Farm Operating and Ownership loans will see more variability in rate ranges offered by lenders. A borrower’s financial position and creditworthiness will also impact what rates lenders can offer.
So while helpful benchmarks, USDA’s posted average rates won’t match perfectly with the exact rate an individual applicant will pay.
Projecting 2023 USDA Guaranteed Loan Interest Rates
Forecasting future rate movement is challenging in the current rising rate environment. But looking at recent trends can provide clues on what USDA borrowers may face for the remainder of 2023.

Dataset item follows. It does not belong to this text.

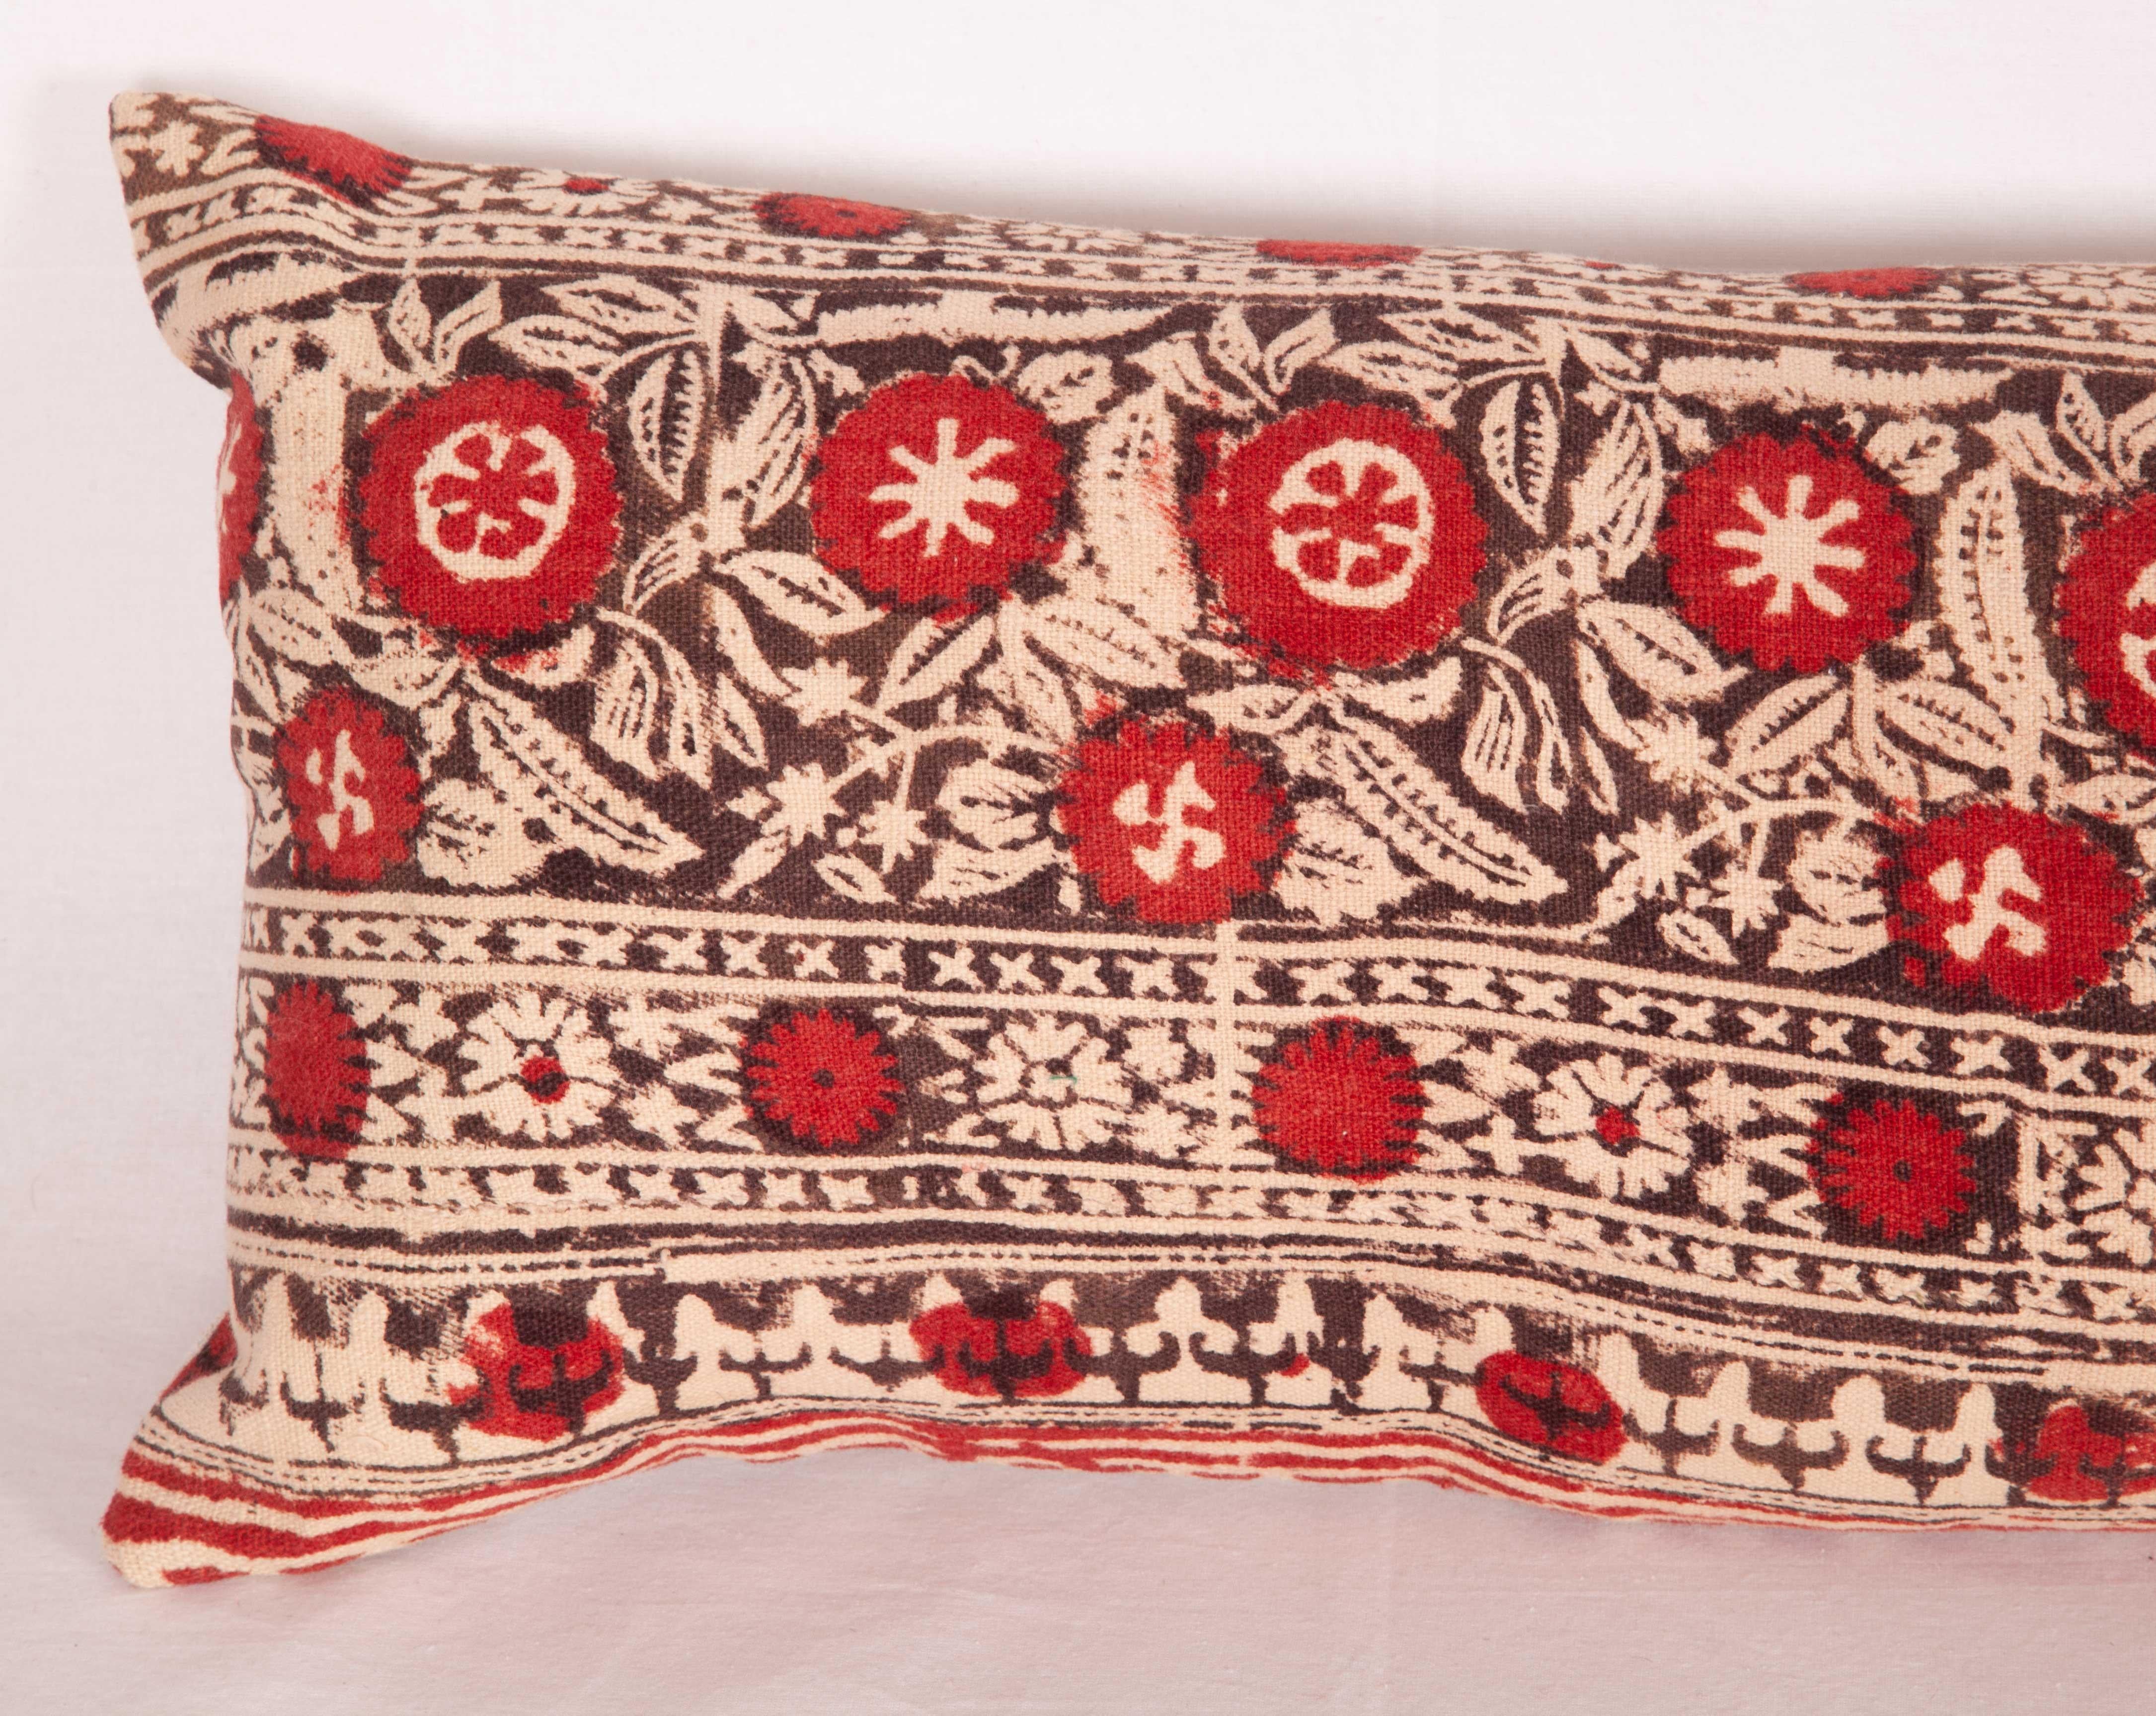 Tribal Block Print Lumbar Pillow Case Made from an Uzbek Print, Early 20th Century

In December 2022, the published USDA rates were:
- Farm Operating Loans: 5.750%
- Farm Ownership Loans: 5.875%
Compared to May 2023, Operating and Ownership loans rose over 0.75%. This matches the broader rate increases seen in other loan markets in recent months.
The expectation is that the Federal Reserve will continue raising their Fed Funds rate through 2023 to combat inflation. This will likely lead to further modest increases in USDA operating and ownership loan rates as we move through the year.
On 30-year fixed mortgages, the USDA Single Family Housing loan rate moved up from 4.5% to 4.75% from December 2022 to May 2023. Again, further Fed rate hikes could push this average closer to 5% or higher in coming months.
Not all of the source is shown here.